We are seeking a skilled Databricks Consultant to join our team. The ideal candidate will possess extensive experience in creating, managing and optimizing data engineering pipelines using Databricks and associated technologies.
Responsibilities:
1. Worked on Lakehouse ETL Projects:
- Execute ETL projects within the Lakehouse architecture, ensuring seamless data integration and transformation.
2. Delta Lake Batch and Real-Time Streaming:
- Design, implement, and manage batch and real-time streaming pipelines utilizing Delta Lake technology.
3. Apache Spark Big Data Pipelines:
- Develop and optimize big data pipelines using Apache Spark ( Pyspark ) to handle large-scale data processing and analysis.
4. Cloud Experience:
- Demonstrate proficiency with at least one major cloud platform (AWS, Azure, or GCP) to manage and deploy data solutions.
5. Delta Table ETL Pipeline Management:
- Monitor and track ETL pipelines involving Delta Tables, ensuring data integrity, performance, and reliability.

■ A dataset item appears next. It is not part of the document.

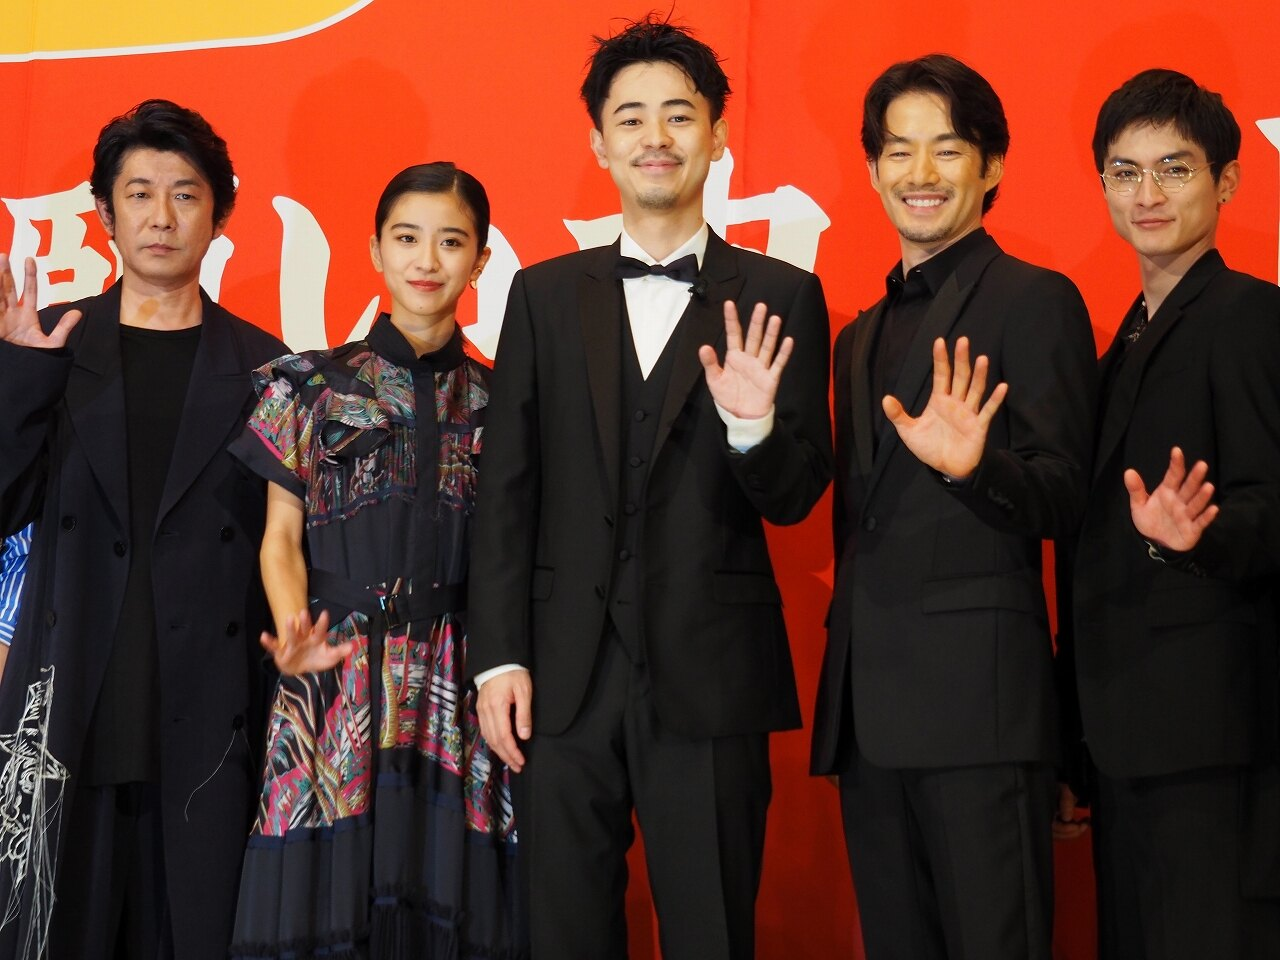 映画『カツベン!』公開記念舞台挨拶が開催!

6. Familiarity with MLflow / MLOps / DataOps:
- Oversee MLflow model tracking, serving, and deployment to streamline workflows and ensure efficient lifecycle management.
Qualifications:
- Proven experience with Databricks, Delta Lake, and Apache Spark.
- Strong understanding of ETL processes, data integration, and real-time data streaming.
- Excellent problem-solving skills and ability to work in a collaborative team environment.
- Pyspark experience is desired.
- Business Domain BFSI, Retail experience is desired.
- Familiarity with MLflow for model tracking and deployment.